El teleférico de subida a Notre Dame no opera. Pues escaleras y senderos empinados. Sin turistas. "Ruega por nosotros y por los musulmanes". Está hermanada con la basílica de Marsella, otro templo levantado en suelo escarpado, al otro lado del Mediterráneo.
Cae el sol. En distintos puntos de la capital se celebra el iftar. Los organizadores te invitan a pasar con suma amabilidad. Los comensales esperan con tranquilidad. Comienzo a charlar con tres jóvenes por google translate. Mis pintas de turista son evidentes. A las 19:20, sin mucho preámbulo, comenzamos a tragar. El guiso con aceitunas y zanahoria está bueno aunque lleva mucho tiempo servido y se ha enfriado. La sopa, sublime. Algunos comparten viandas que han traído.

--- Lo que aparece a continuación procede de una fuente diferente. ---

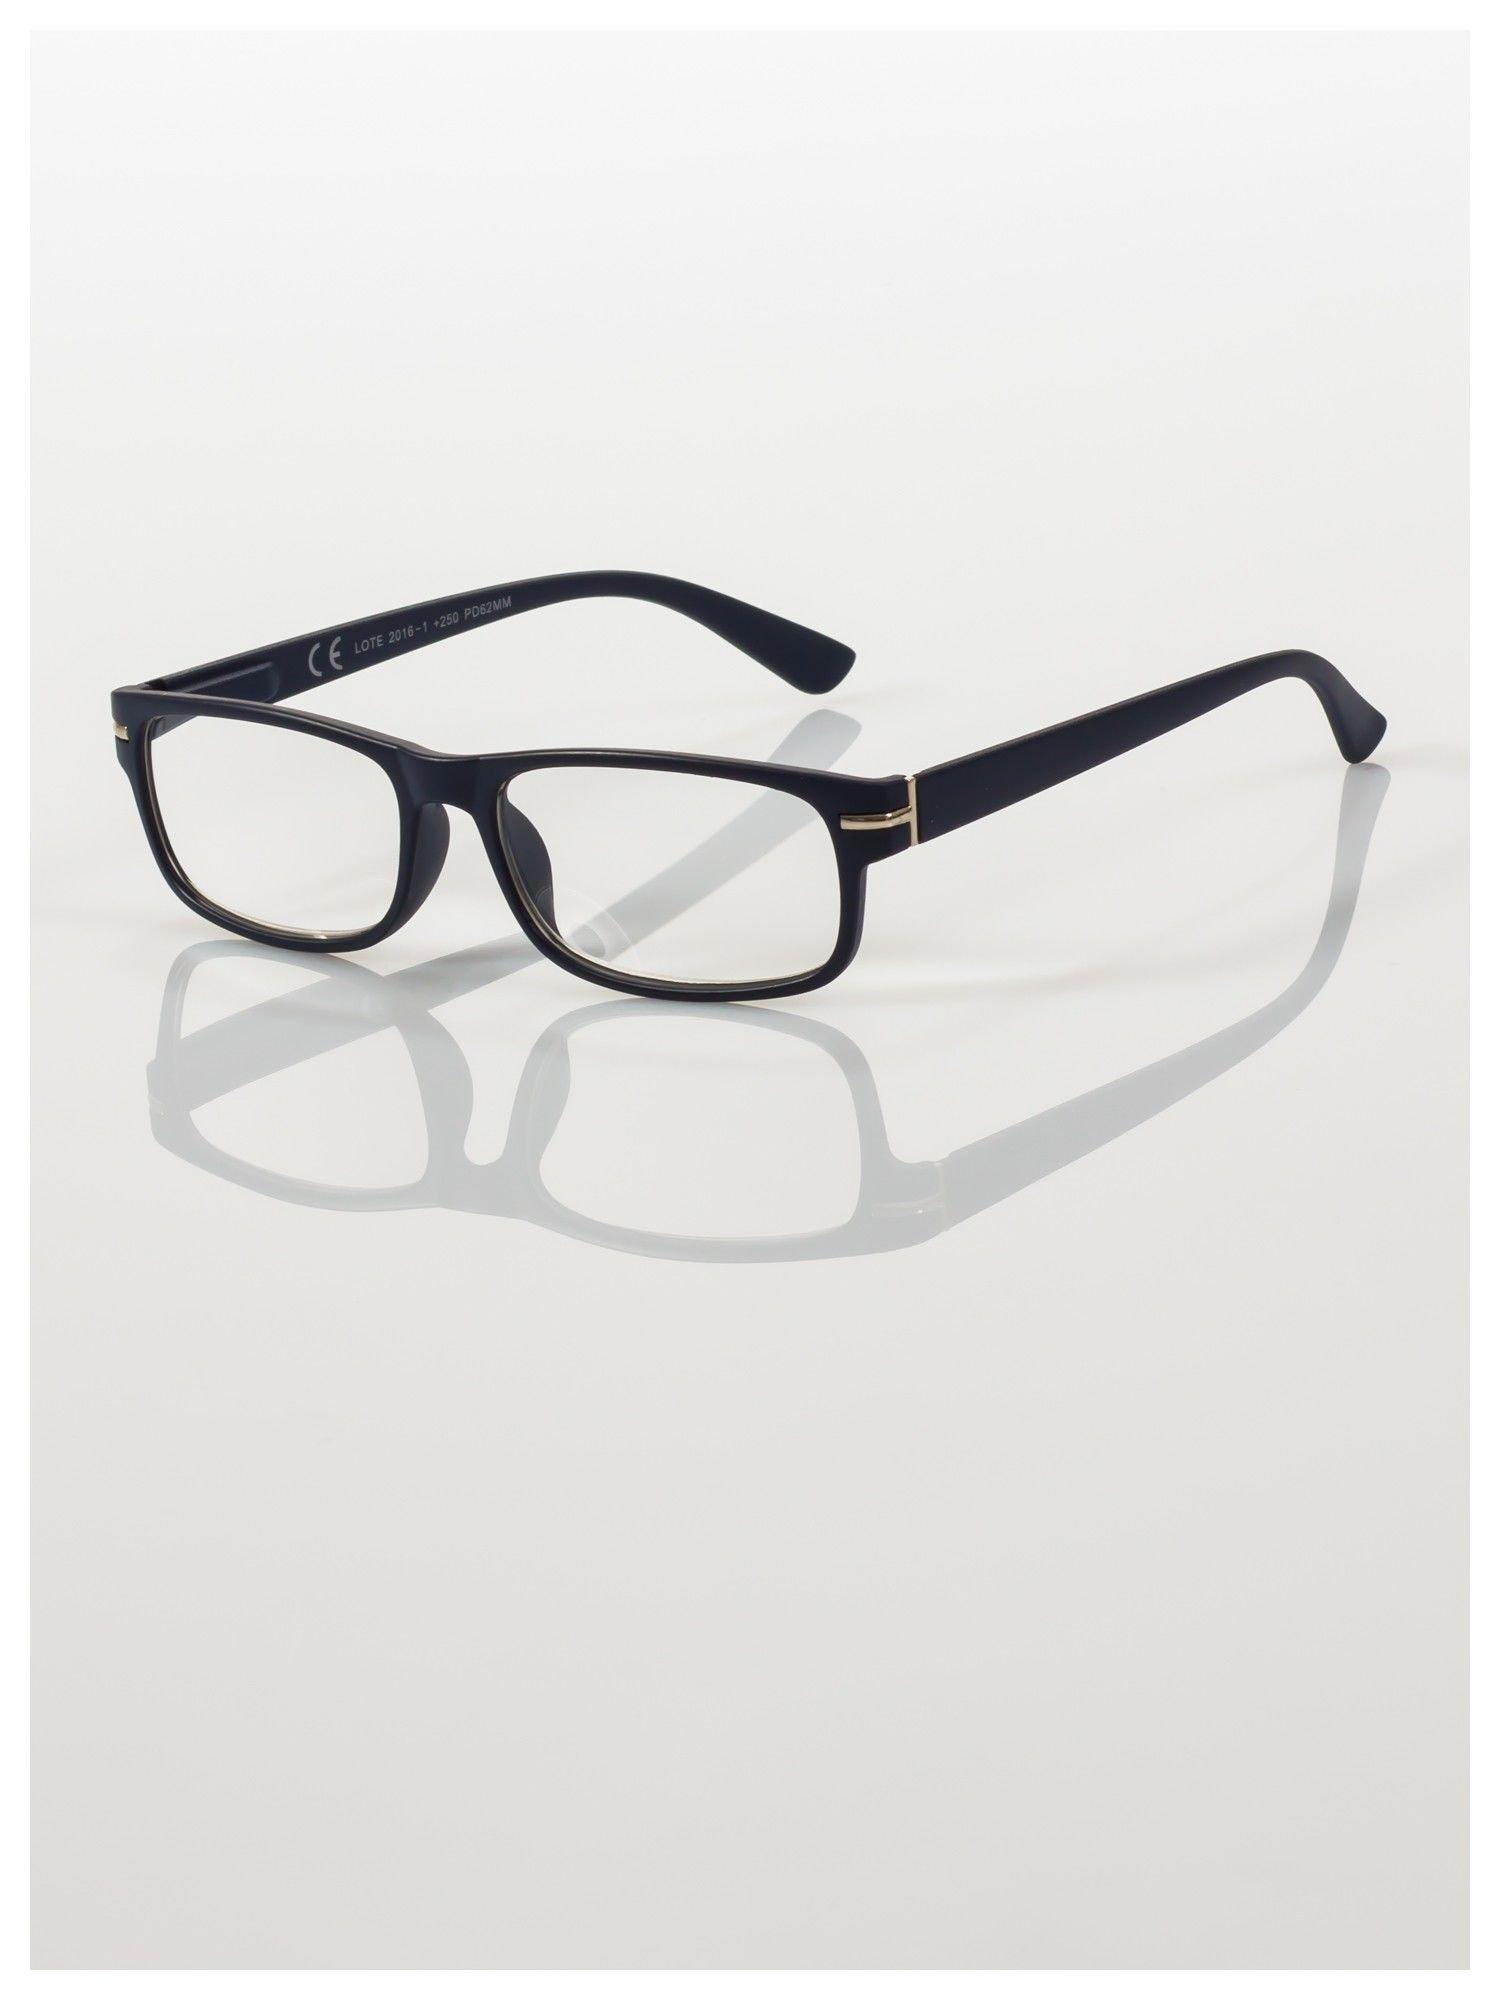 Eleganckie granatowe matowe korekcyjne okulary do czytania +3.5 D  z sytemem FLEX na zausznikach                                  zdj.                                  1

La Catedral del Sagrado Corazón parece la central nuclear del Señor Burns.Nació el mismo año que el país se quitó el yugo francés,1962. Su interior huele a incienso. Celebran una misa y me muevo sigiloso por su parte trasera. La que controla el acceso no me quita ojo. Se me acerca y con unos modales refinadísimos me invita a abandonar el recinto. "Déjame solo hacer una foto a eso, por favor" digo señalando a una especie de ventilador aéreo. "No".
Cojo el metro. Los letreros no están solo en árabe pero una joven con velo ve que dudo sobre la dirección de mi destino. Me ayuda amablemente. Le lanzo un puño en agradecimiento. Me dice "no puedo";. Sigue siendo encantadora.
Bajo a la altura del Museo de Bellas Artes. Es fácil desorientarse un poco en las 32 hectáreas del Jardín de Hamma. No todos los senderos son rectilíneos. Hay plátanos, palmeras y estanques. También ficus y cactus. Tan extenso que se ha tragado un zoo en su panza.
A la subida al teleférico me compro un imán. Souvenir barato para cumplir. El tipo, más pícaro que un español, me da la vuelta cortísima. Me pongo serio y reclamo lo restante. "Oh, I am sorry, my friend". No cuela. Al retornar a mi país leo que el magnético pone "Aleria". Vale, empate a uno.
Junto al Monumento a los Mártires me ofrezco para que dos amigos puedan salir juntos en sus imágenes. Son estudiantes del Chad, uno de ellos se forma para médico. Niños van en bici o patinete por la explanada. El soldado cree que sí pero el Museo Nacional tiene sus puertas cerradas.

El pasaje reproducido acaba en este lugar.